Friday, July 1, 2011

The Cumquart Dress

Fruit preserving was always  a significant part of our kitchen, the perfect way to get the best from your bounty of fruit.  Part of the pleasure of growing or gathering your own fruit is to enjoy the aroma, the colour, feel and texture of it, and to have it sitting in the pantry looking deliciously enticing ready to eat is enormously rewarding.

The same  feeling I get when I see and feel a piece of fabric, the colour, the print the texture.  The feeling is often very overwhelming and immediately I am creating a design in my mind and can't wait to get to cutting the fabric, choosing a trim and constructing a garment.


Recently I picked the ripe, bright orange, plump fruit, from our cumquat tree, took them inside and placed them in a bowl, one by one I sliced them finely and removed the seeds.  Perfect round segmented slices bursting with colour, a fine pale yellow ring just under the skin, natures very own graphic design.


 Enjoying a glass of wine with the sailor whilst the jam was bubbling away, I was telling him how I felt inspired by the jam and how I wanted to create a little cumquat smock dress.  I thought that this was when he would vacate the room for the man cave.....
Instead he piped up.
"Just like a custom car the dress could be like a prototype, one you just keep on a shelf"


 I liked that, smiled and gave the sailor one of my best, 'sometimes I can't believe you actually got me looks'








Prototype








Fabric, from Calio and Ivy.  Vintage lace, my own.
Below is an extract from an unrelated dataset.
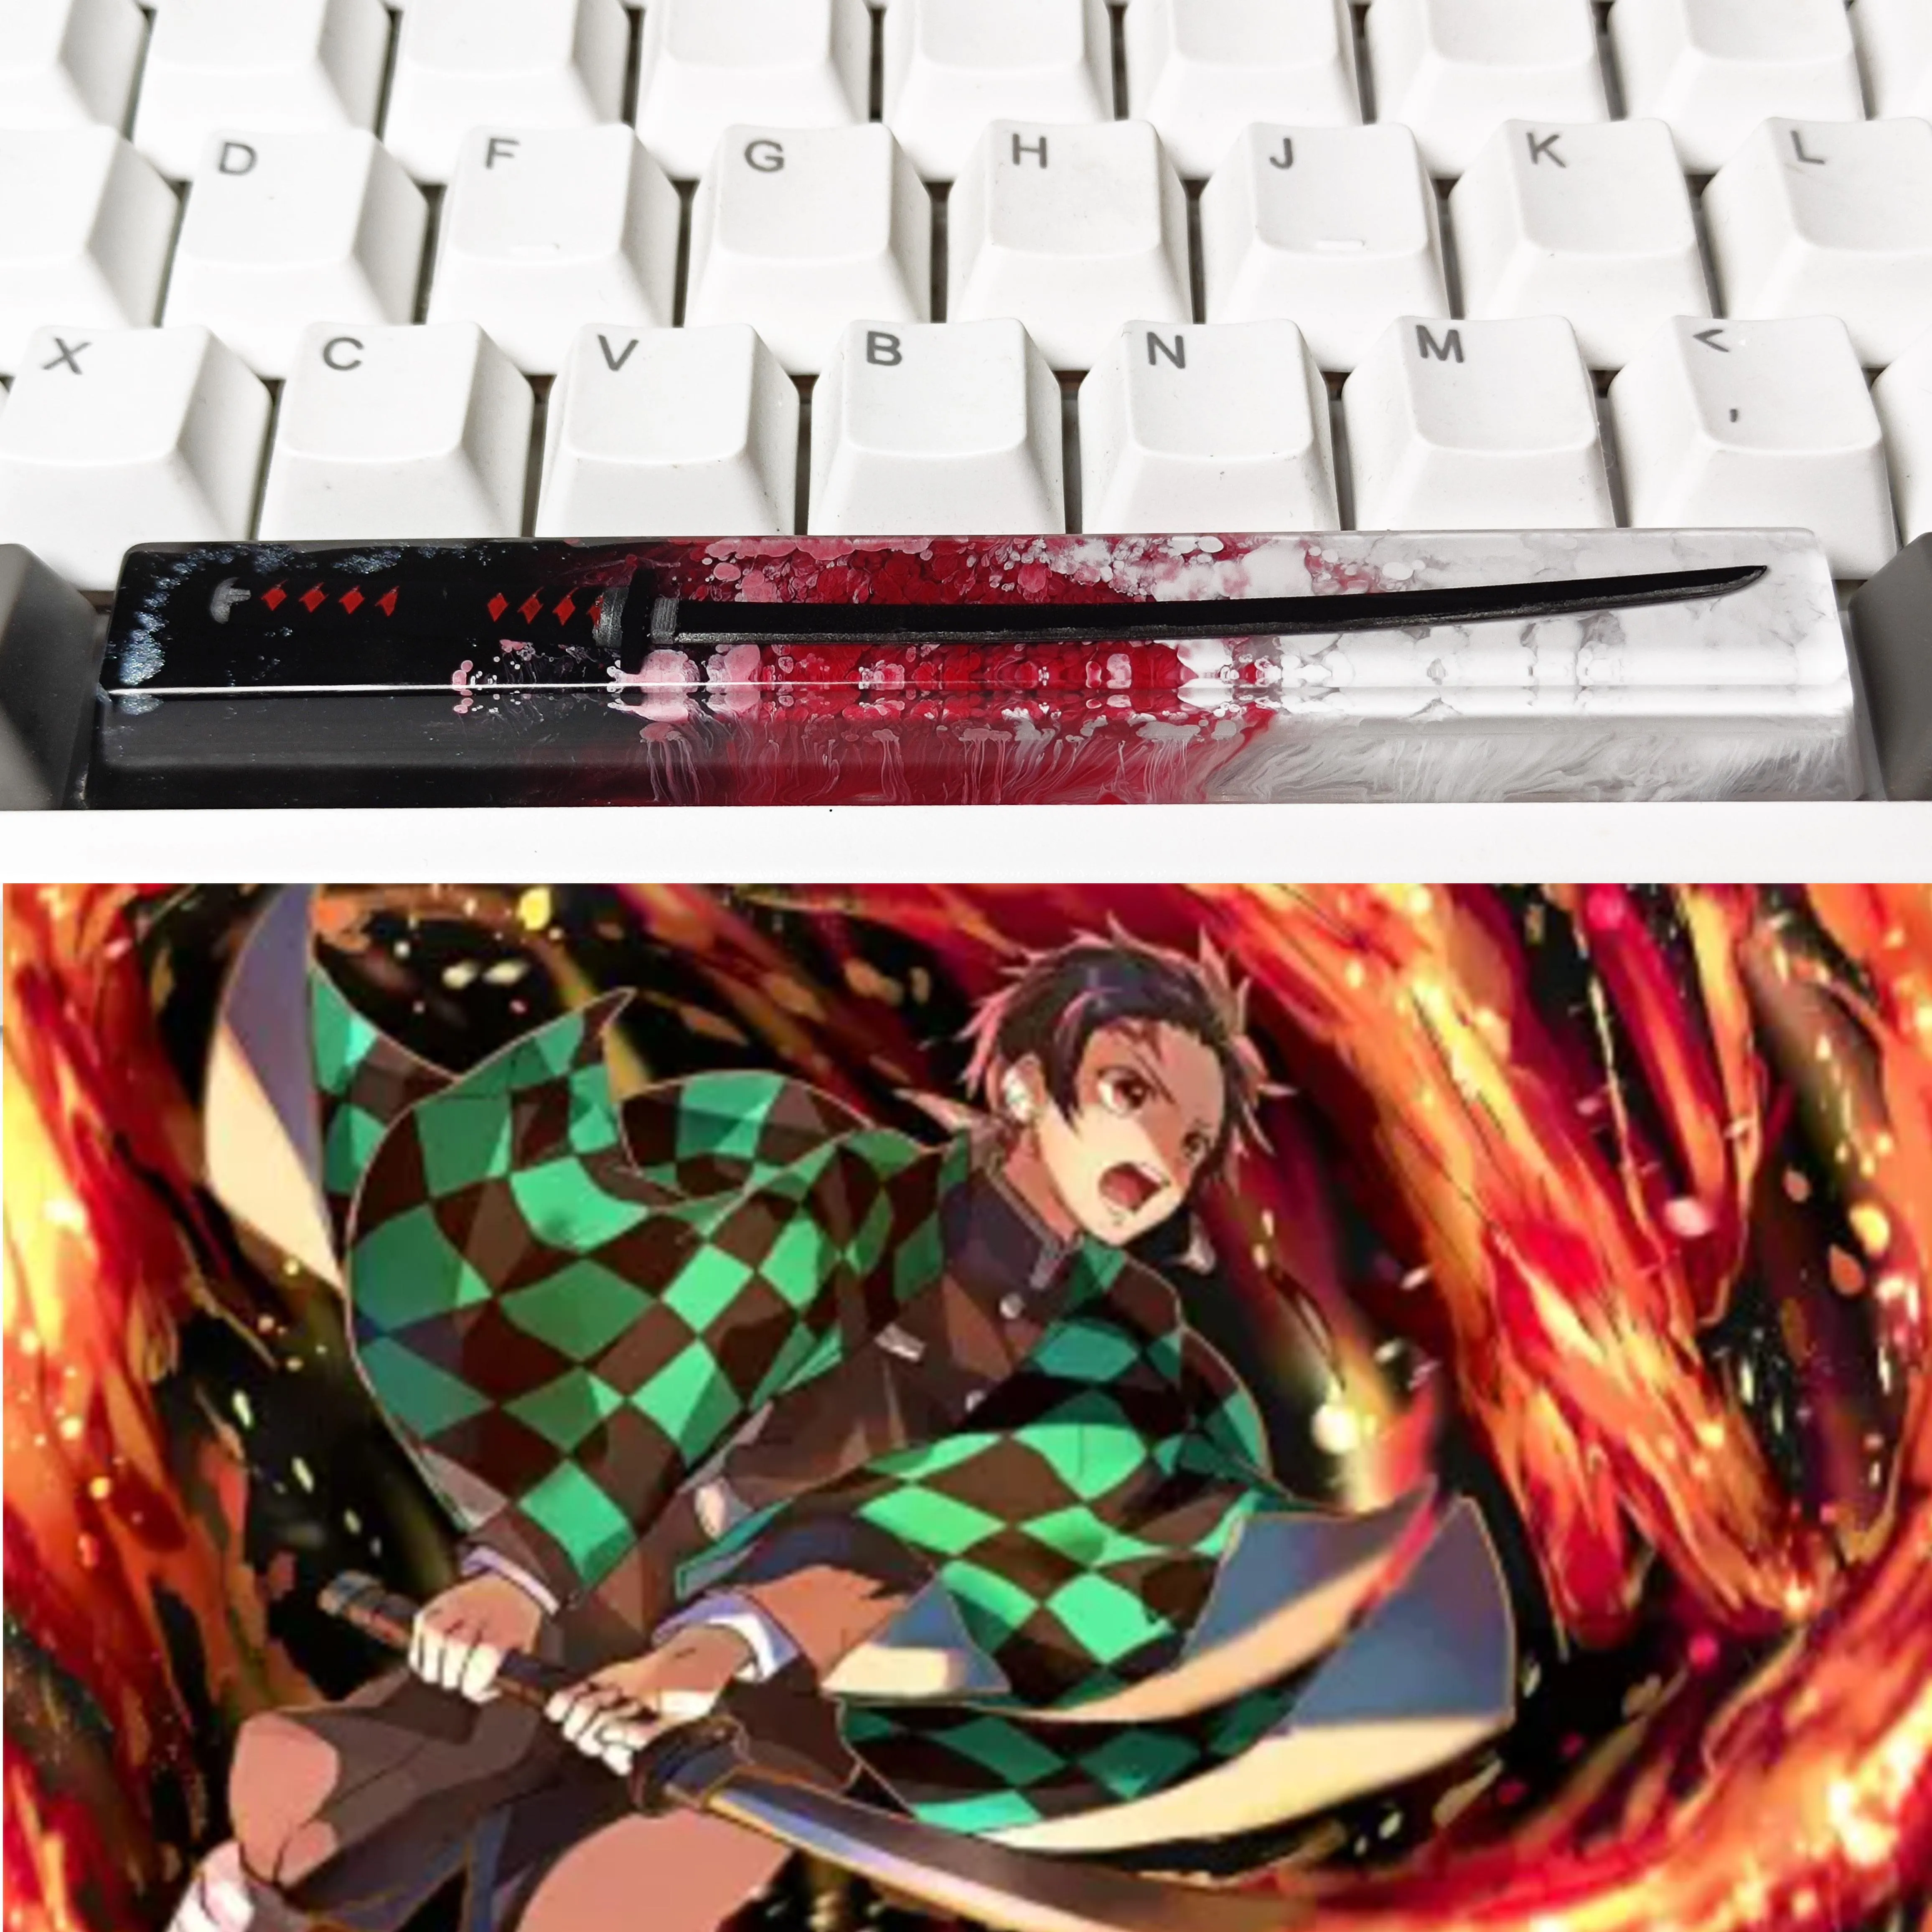 Tillbehör Personlig 6.25x hart KeyCap Anime Sword Space Bar Cherry Outline Game för Cherry MX Switch Mechanical Gaming Keyboard KeyCap

Plate, a courtesy of "The Crafty Minx".  Yellow cup, Ikea.


The recipe
1  kilo of ripe cumquats
1  kilo sugar
Method
Put a small saucer in the freezer.
Slice the fruit very,very finely.  Remove seeds.  Wrap seeds up in a square of fine cotton or a new chux cloth, tie with a long piece of twine.  Place fruit and the seed package in a heavy saucepan and bowl until the skins are soft.  Remove seed pack.  Add sugar and bring back to boil.  Simmer for 45 - 60 mins.  The jam will be ready when you pour a little onto the cold plate let it sit for a few minutes then run your finger through it, if a skin appears you are set to pour it into some clean jars that have sat in the medium oven for 30 mins.......Enjoy with toast and a thick smear of butter!
PS Cumquat jam is always on the runny side.